WHAT TO DO:
Transcribed word for word, the lines below from the one with "Wallpapers on 1920x1080" through the last line of the records form the answer; no picture is to be included.

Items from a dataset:
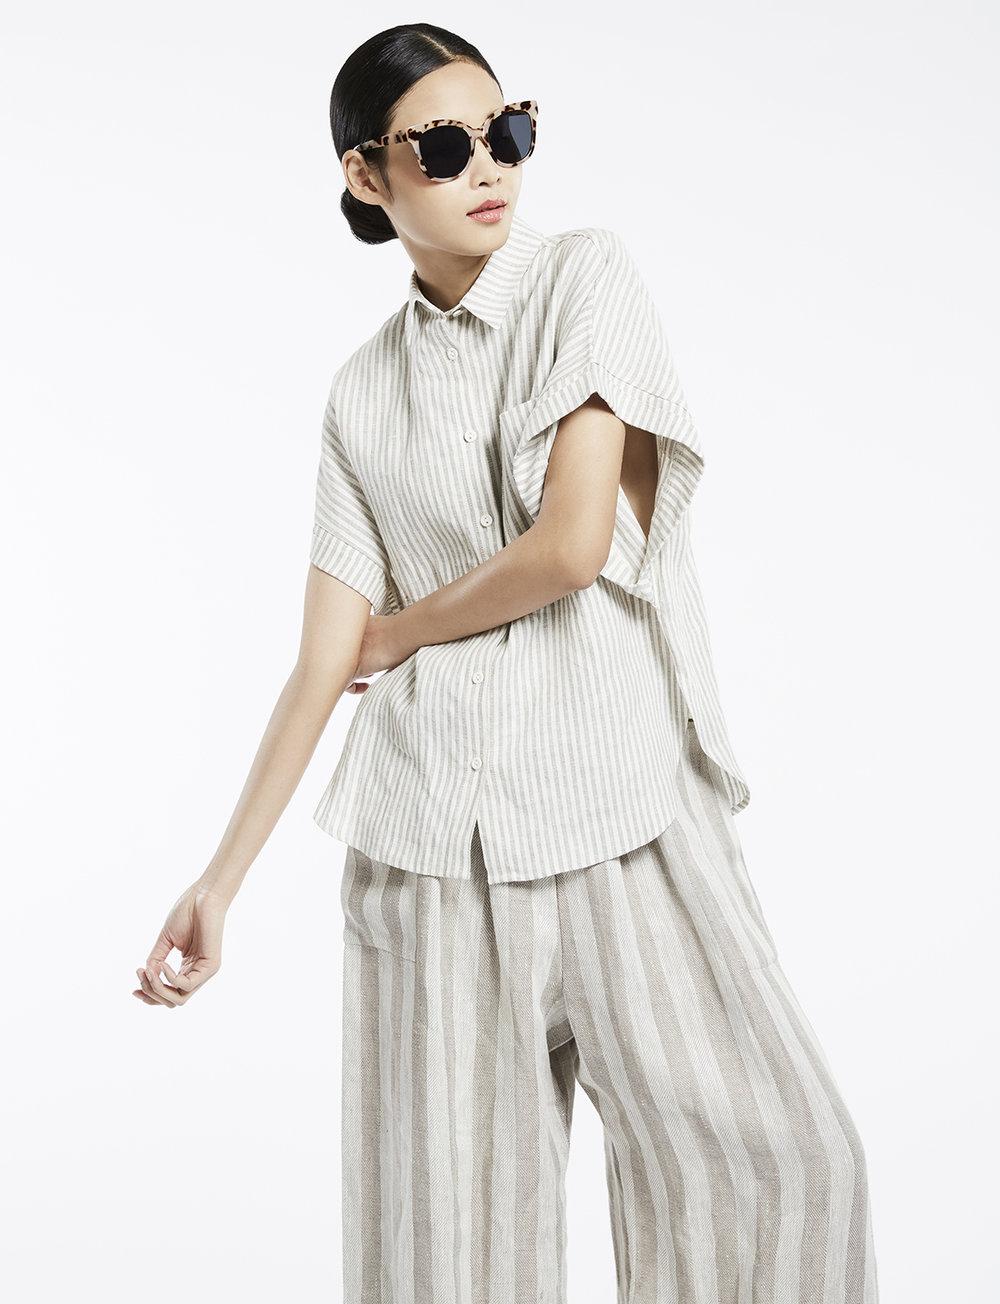 170305FashionPhotographer_FashionEditorial_StripesEditorial_STUDIO_By_BriJohnson_0102.jpg
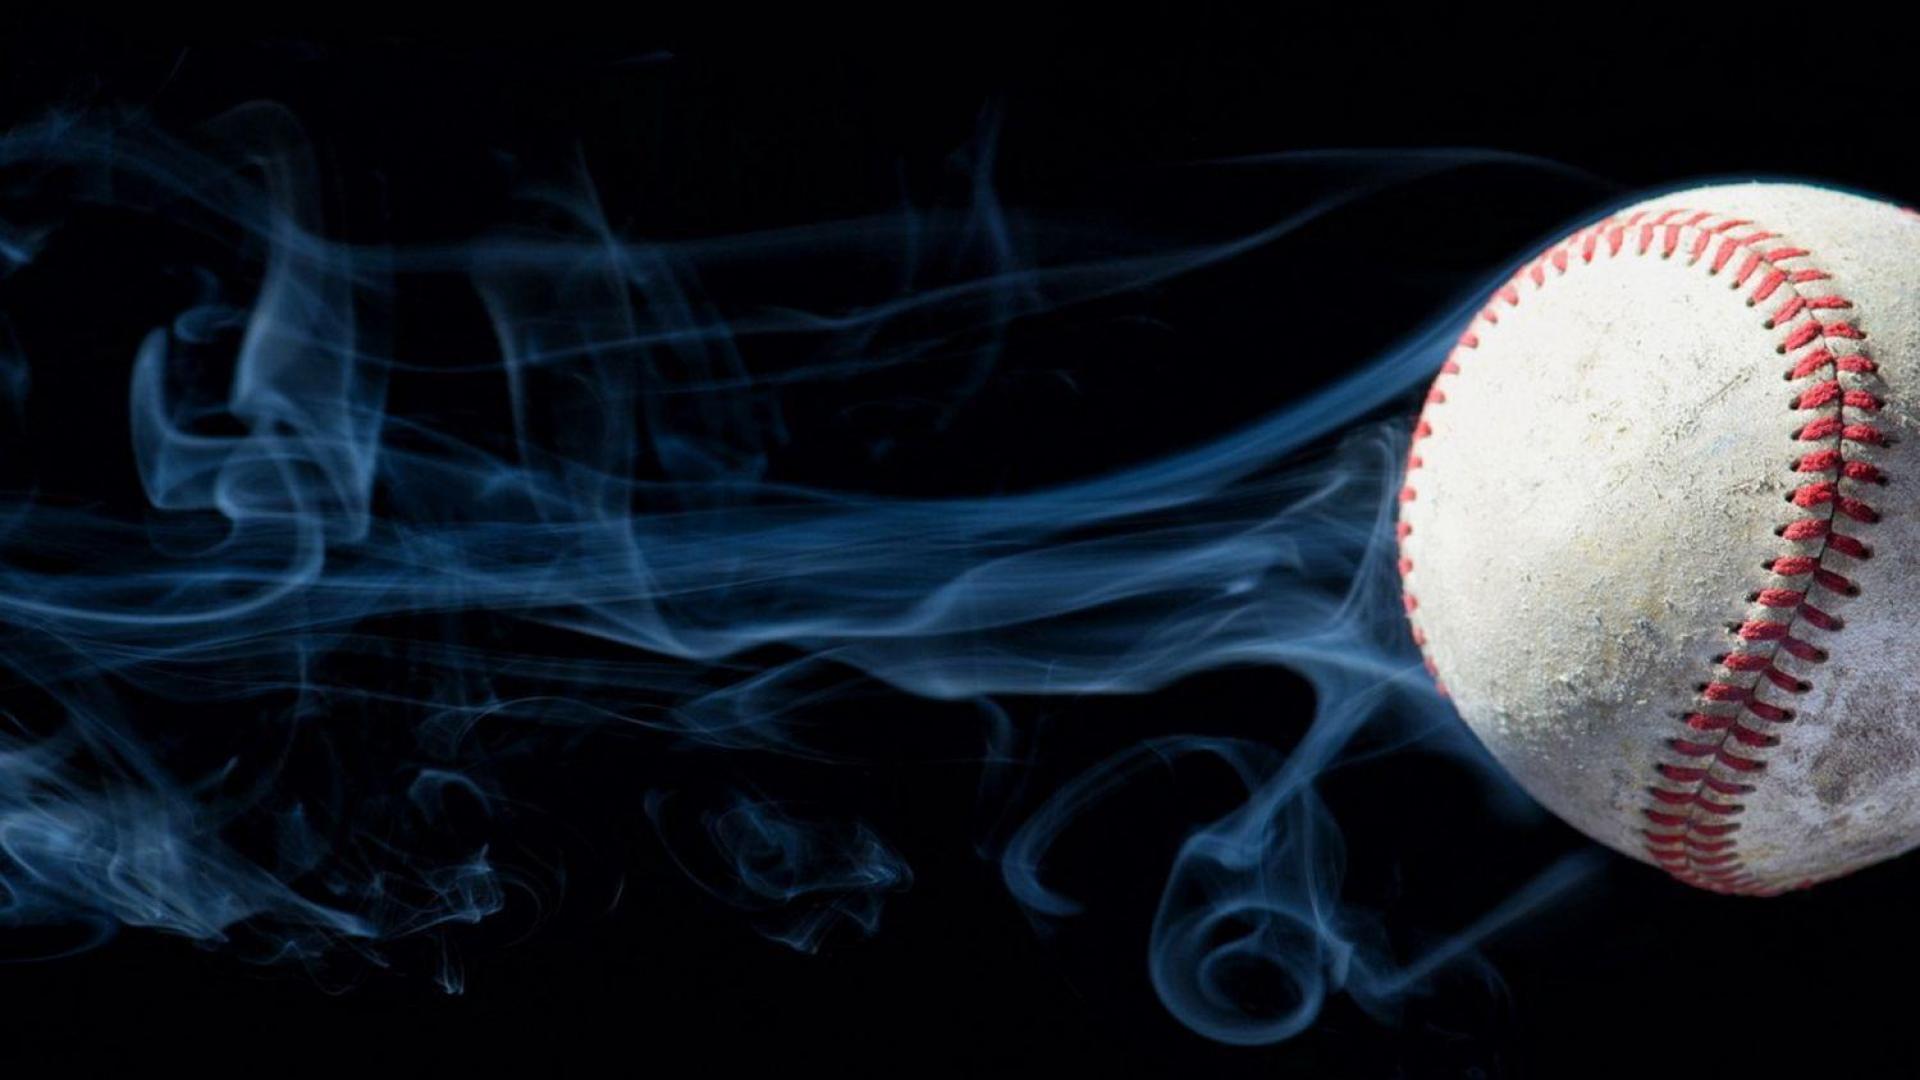 Baseball   120431   High Quality and Resolution Wallpapers on 1920x1080
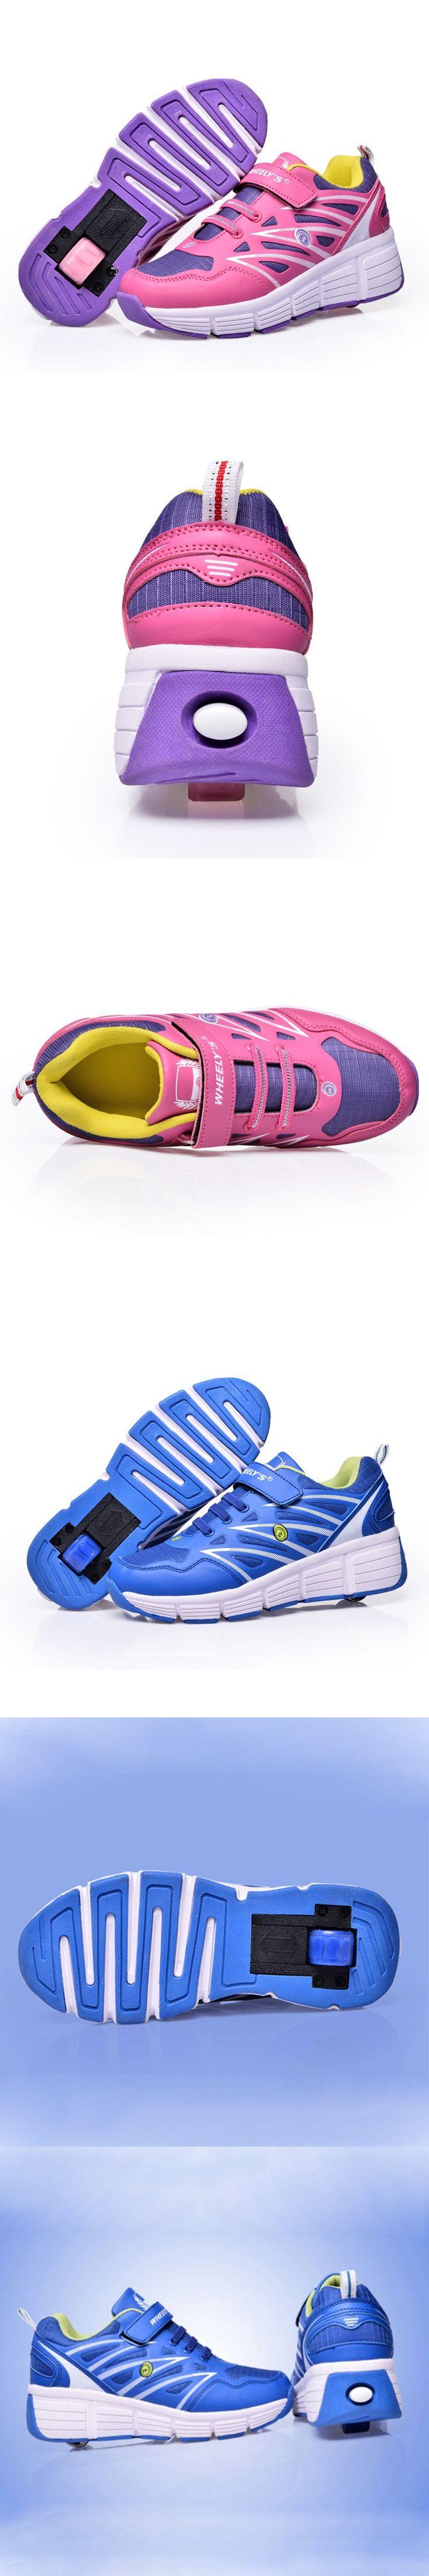 Roller shoes london - Children Heelys Kids Sneakers With Wheels Boys Girls Skate Roller Shoes Ultra Light Men Women
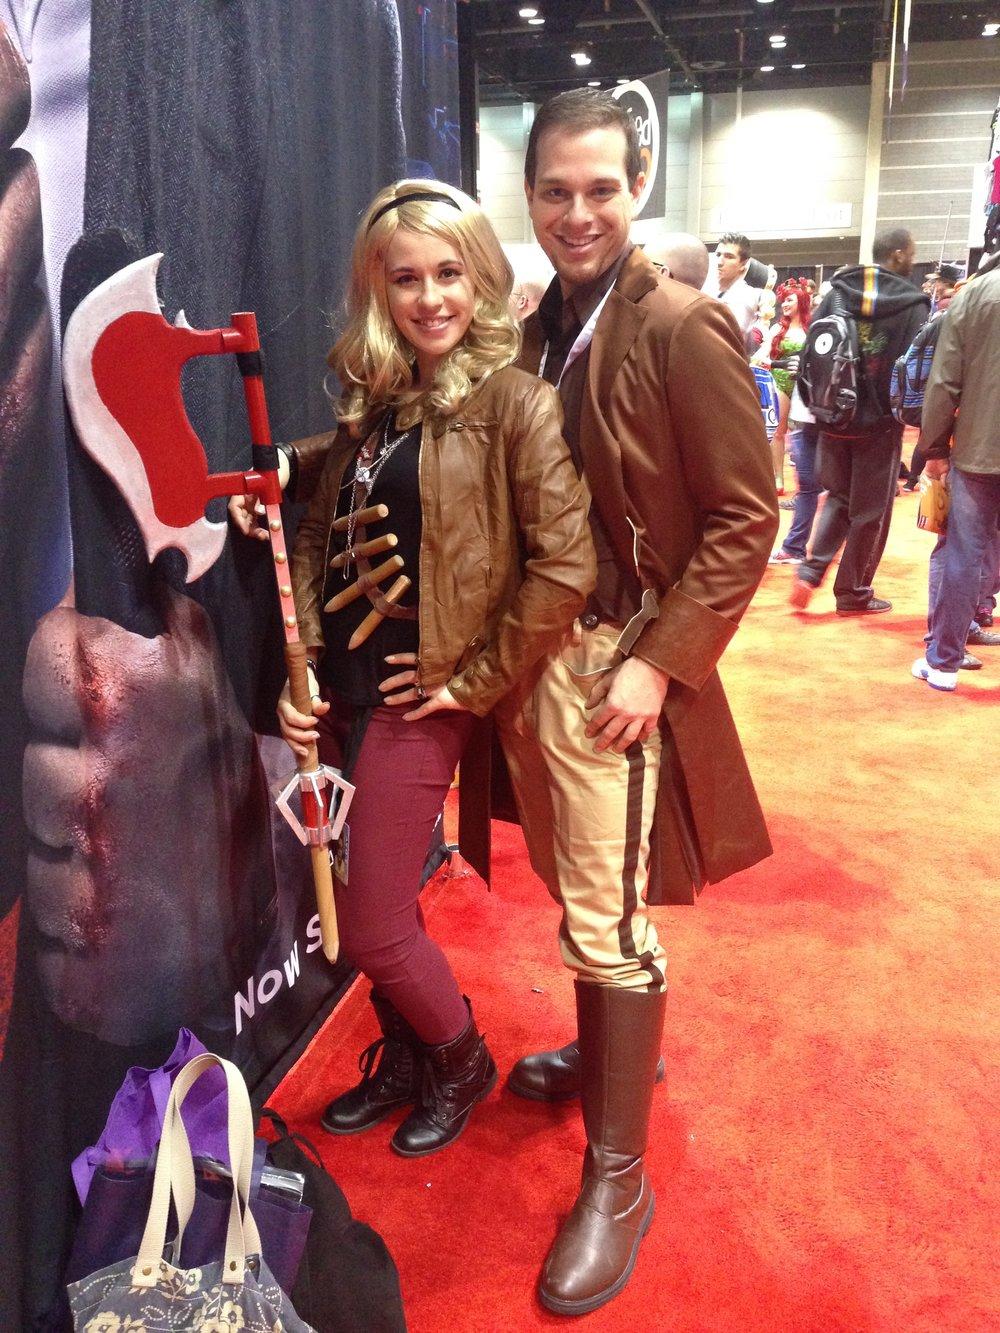 Browncoats!
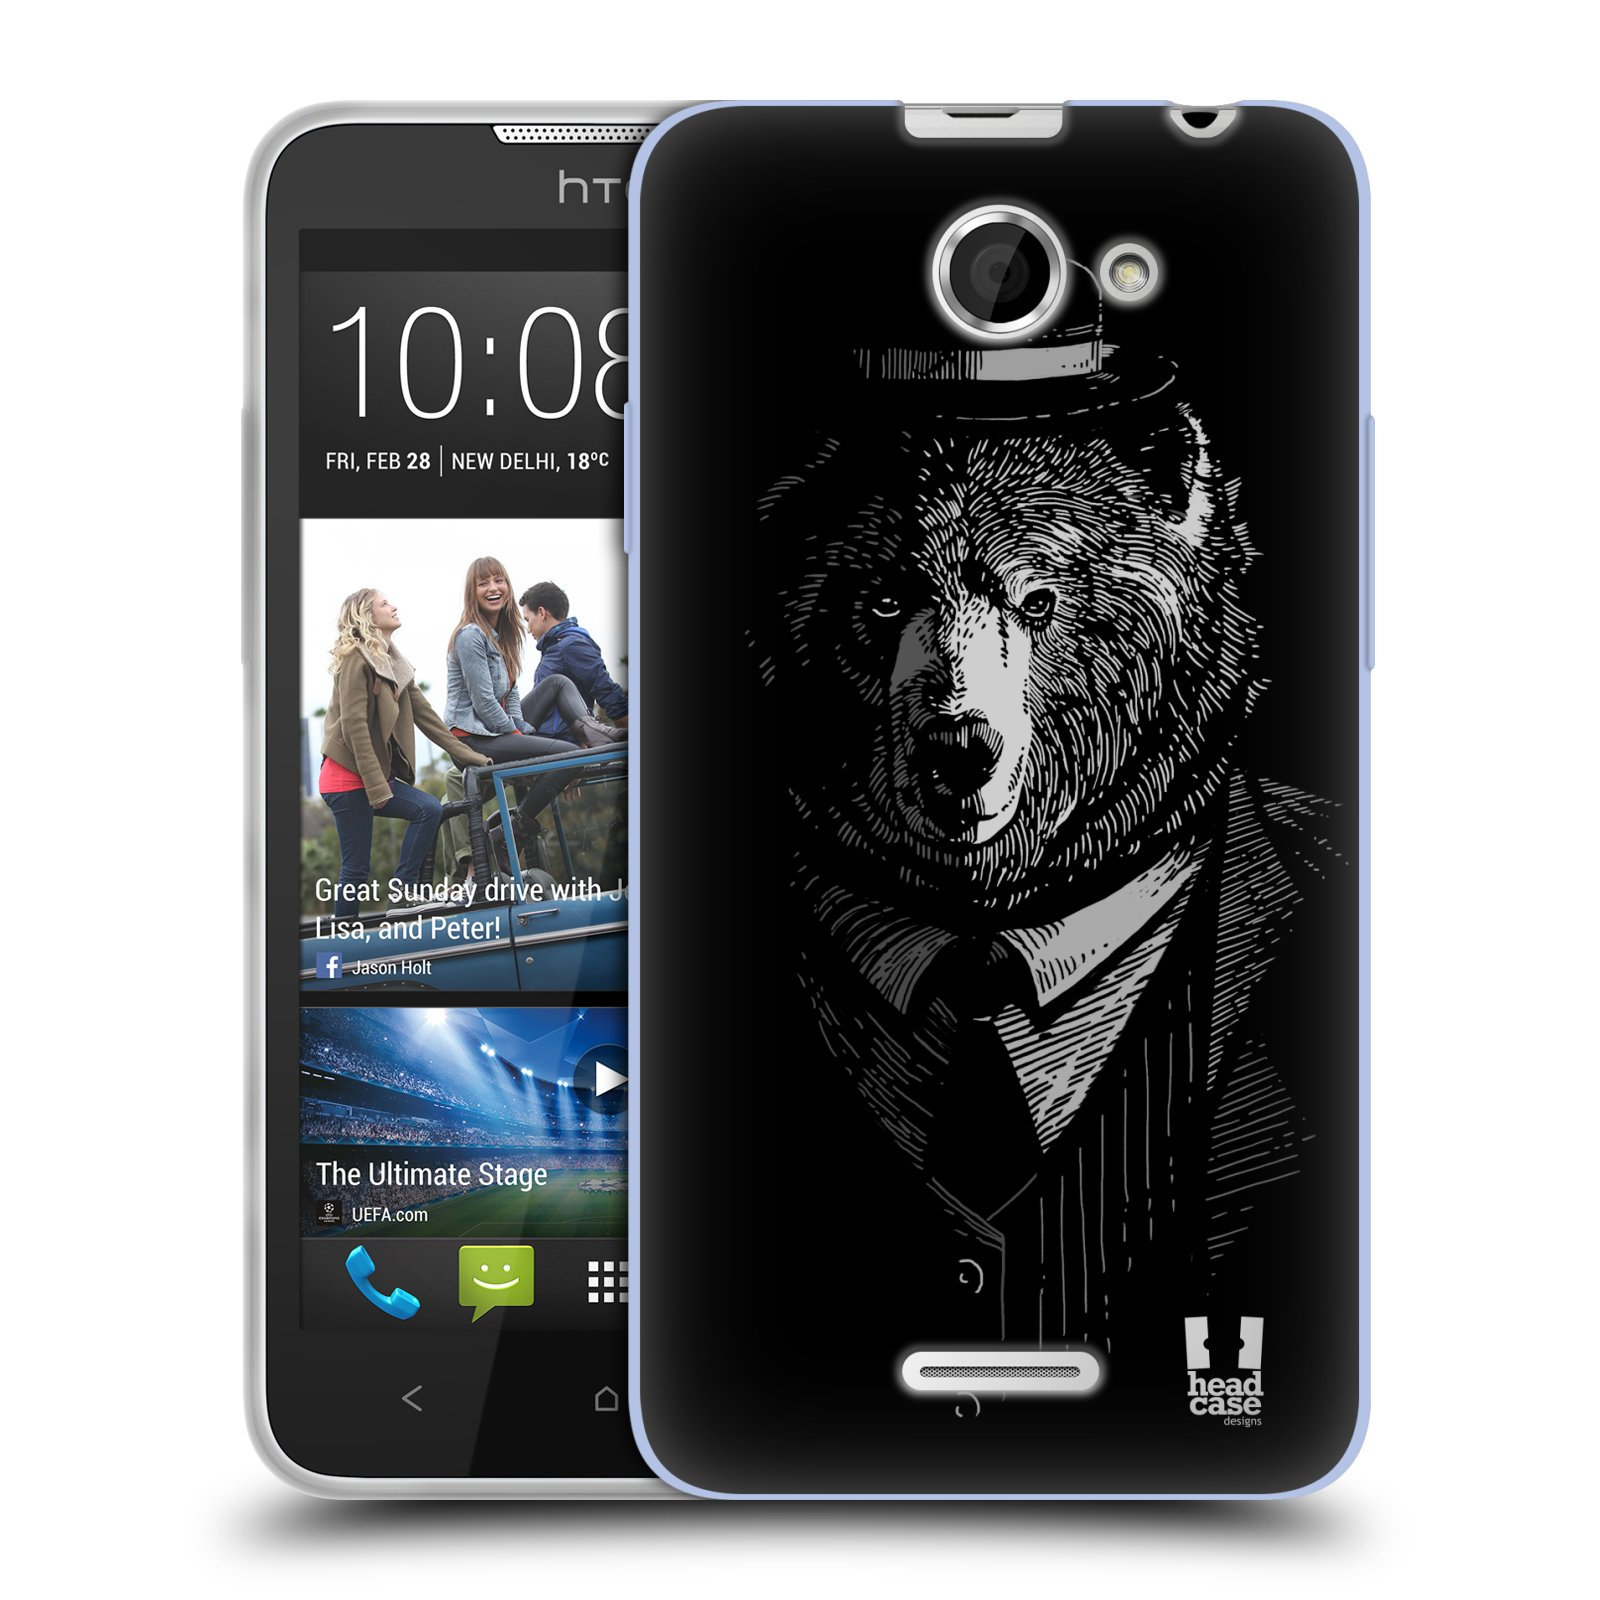 Silikonové pouzdro na mobil HTC Desire 516 HEAD CASE MEDVĚD V KVÁDRU (Silikonový kryt či obal na mobilní telefon HTC Desire 516 Dual SIM)

RESPONSE BOX:
 Baseball   120431   High Quality and Resolution Wallpapers on 1920x1080
 Roller shoes london - Children Heelys Kids Sneakers With Wheels Boys Girls Skate Roller Shoes Ultra Light Men Women
 Browncoats!
 Silikonové pouzdro na mobil HTC Desire 516 HEAD CASE MEDVĚD V KVÁDRU (Silikonový kryt či obal na mobilní telefon HTC Desire 516 Dual SIM)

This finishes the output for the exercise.